Currently there are three main guidelines for the surgical treatment of ventricular aneurysm (Table 2). The 2022 American guidelines for the management of heart failure recommend SVR in conjunction with CABG for patients with intractable HF, large thrombus, or persistent arrhythmias caused by LVA, when other treatments fail or are not viable [27]. The 2021 American Association for Thoracic Surgery (AATS) Expert Consensus proposed that concurrent SVR with CABG is indicated for patients with no viable myocardium, dyskinesis $>$35% of the anterior wall, LVESVI $\ge$60 mL/m² or an anticipated reduction in LVESVI of more than 30% through SVR [28]. This consensus is the first to use myocardial viability to assess ventricular aneurysm. However, it does not specify the location and extent of the viable myocardium. Finally, the 2018 European revascularization guidelines recommend performing SVR with CABG in patients with New York Heart Association (NYHA) functional class III/IV, large LVA or thrombus formation, arrhythmias arising from the aneurysm, and HF symptoms, with a recommended grade IIA, evidence level class C [29]. In contrast to the STICH study [2], all three guidelines or expert consensus recommended SVR+CABG as a surgical intervention for LVA.

Table 2.

Guideline recommendations or consensus regarding surgical treatment of ventricular aneurysm.

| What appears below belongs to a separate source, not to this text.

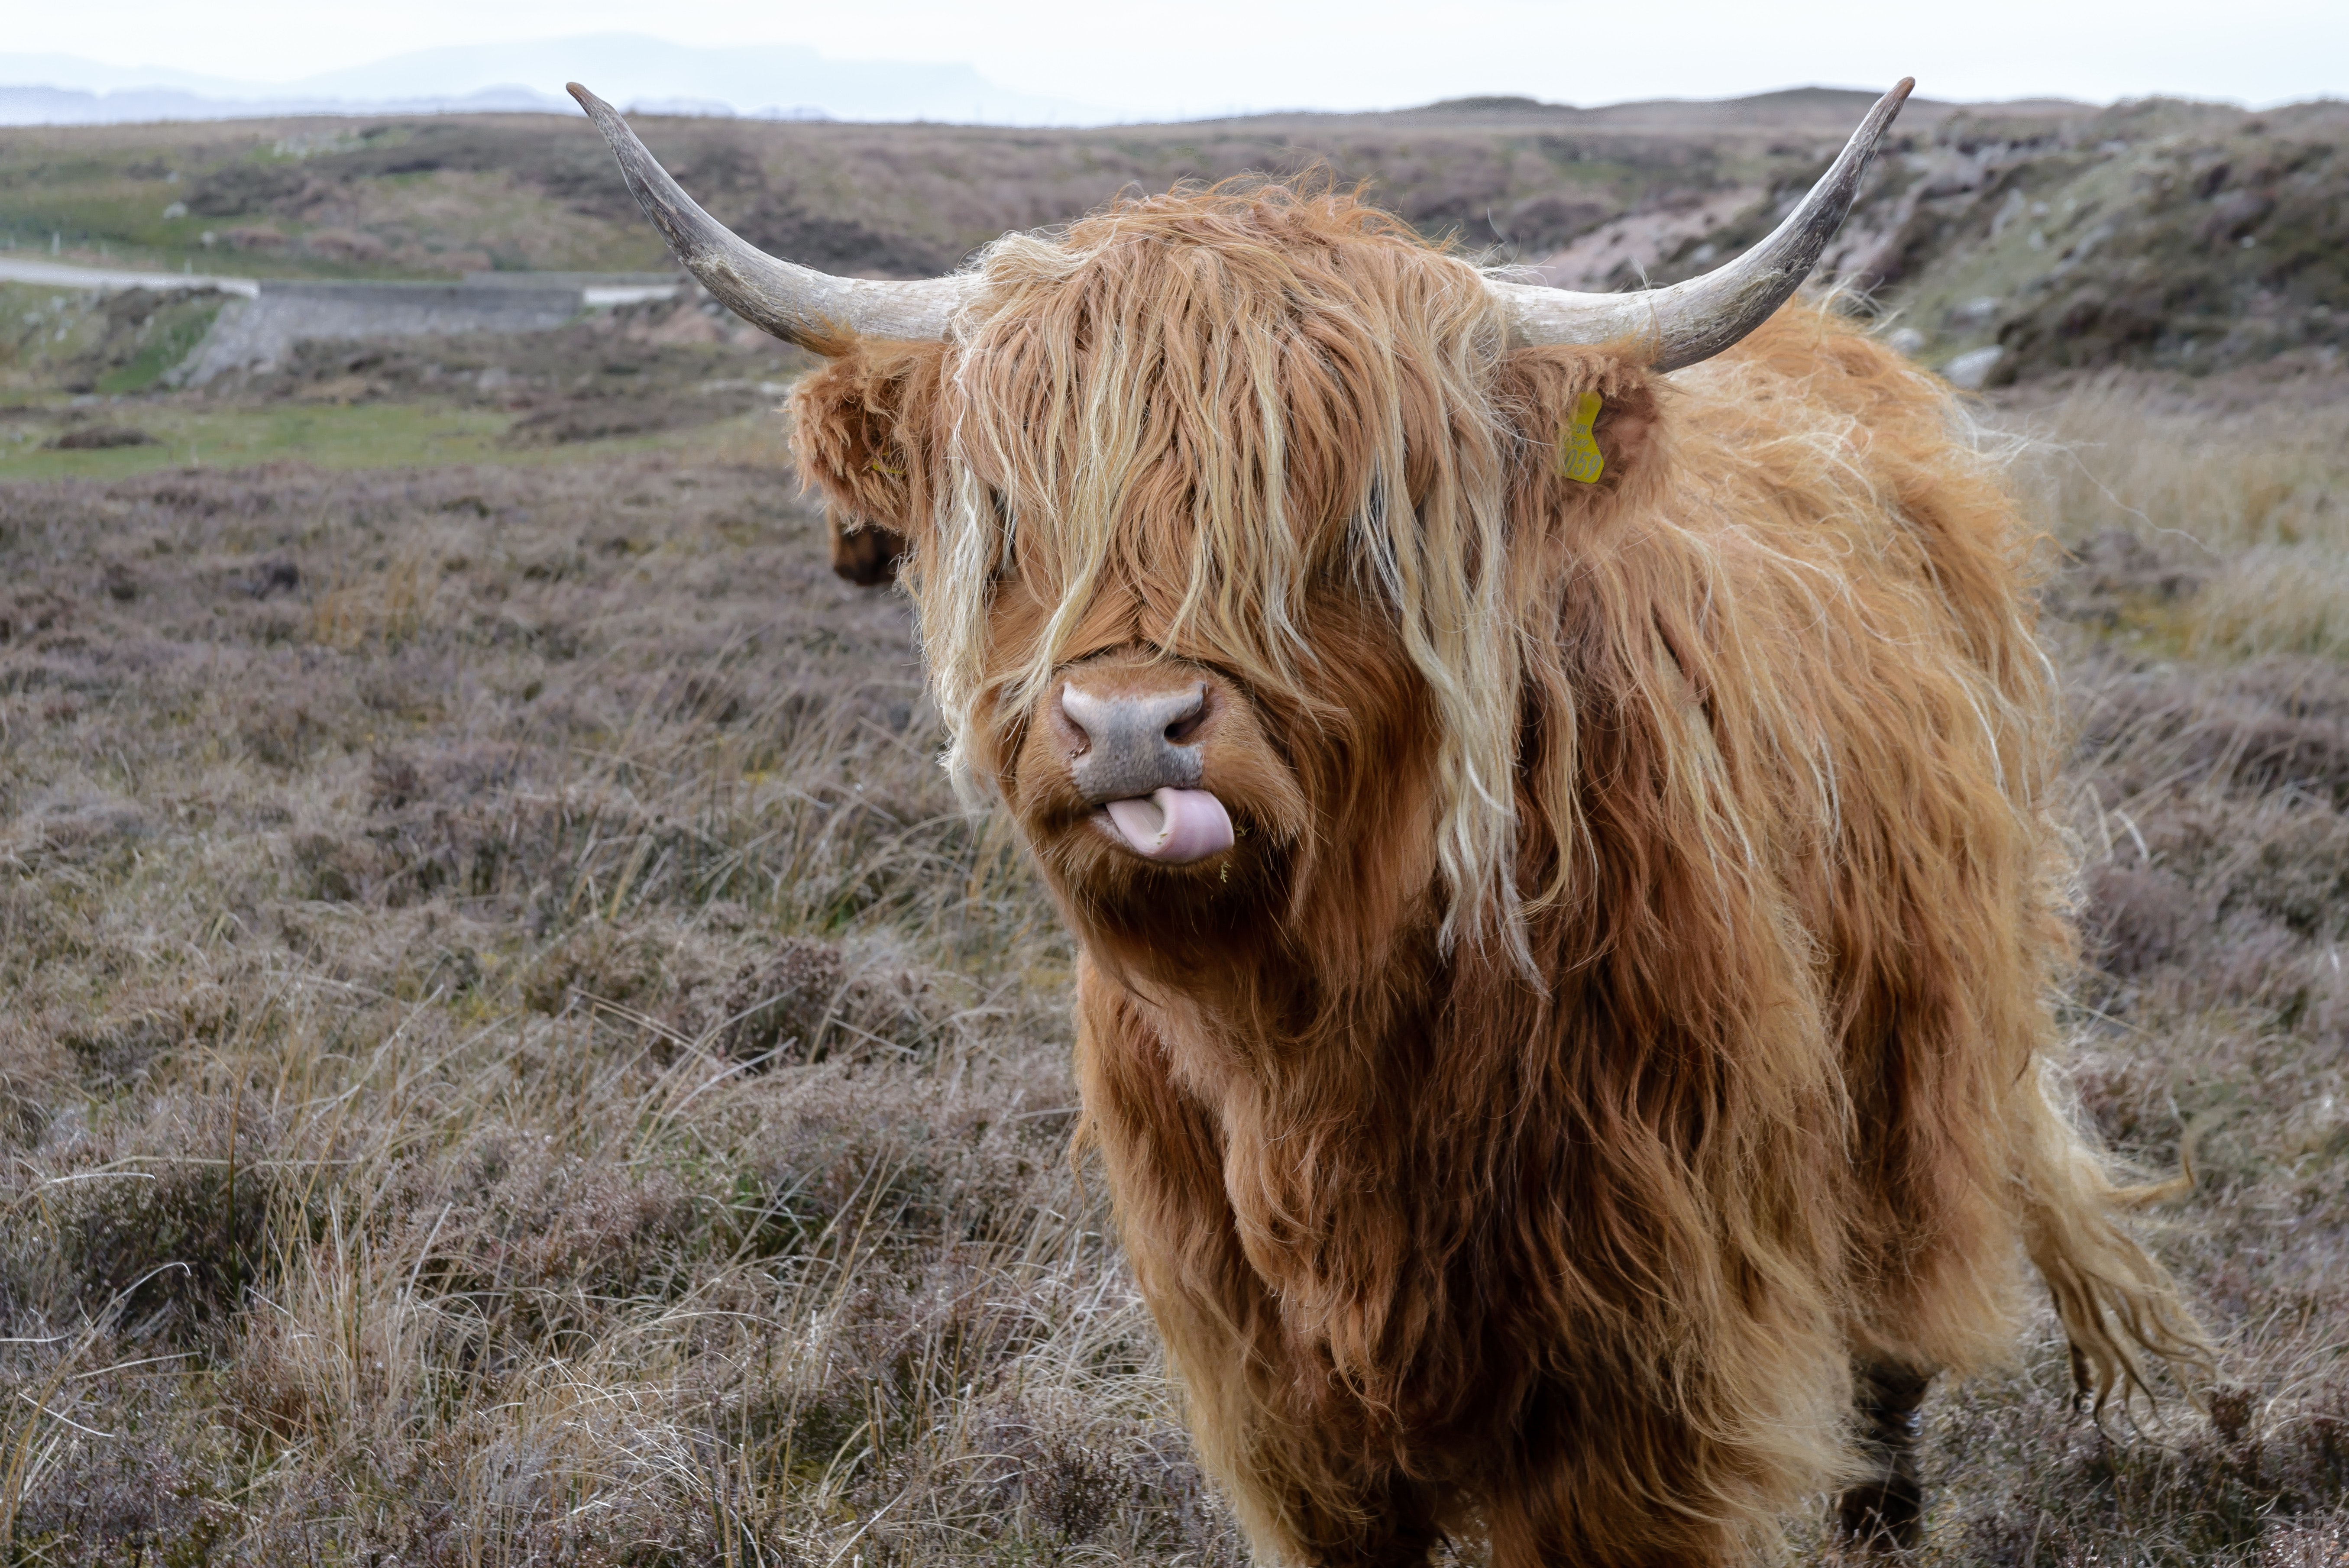 Free photos: Highland cattle - 3 images, Highland cattle photos ...

Consensus or guidelines	COR	LOE	Indication	Surgical treatment
2022 AHA/ACC/HFSA Guideline for the Management of Heart Failure	-	-	intractable HF, large thrombus, or persistent arrhythmias resulting from well-defined aneurysm or scar	CABG+SVR
2021: The American Association for Thoracic Surgery Expert Consensus Document	IIa	B-R	absent viability, dyskinesis $\ge$35% of the anterior wall, and LVESVI $\ge$60 mL/m2, an SVR achieving a $>$30% reduction in LVESVI	CABG+SVR
2018 ESC/EACTS Guidelines on myocardial revascularization	IIa	C	NYHA class III/IV, large LV aneurysm, large thrombus formation, or if the aneurysm is the origin of arrhythmias	CABG+LV aneurysmectomy

COR, classes of recommendations; LOE, level of evidence; IIa, weight of evidence/opinion is in favor of usefulness/efficacy. B-R, data derived from moderate-quality randomized clinical trials or meta-analyses; C, consensus of experts and/or small studies, retrospective studies, and registries; AHA, American Heart Association; ACC, American College of Cardiology; HFSA, Heart Failure Society of America; HF, heart failure; CABG, coronary artery bypass graft; SVR, surgical ventricular reconstruction; ESC, European Society of Cardiology; EACTS, European Association for Cardio-Thoracic Surgery; NYHA, New York Heart Association; LV, left ventricular; LVESVI, left ventricular end-systolic volume index.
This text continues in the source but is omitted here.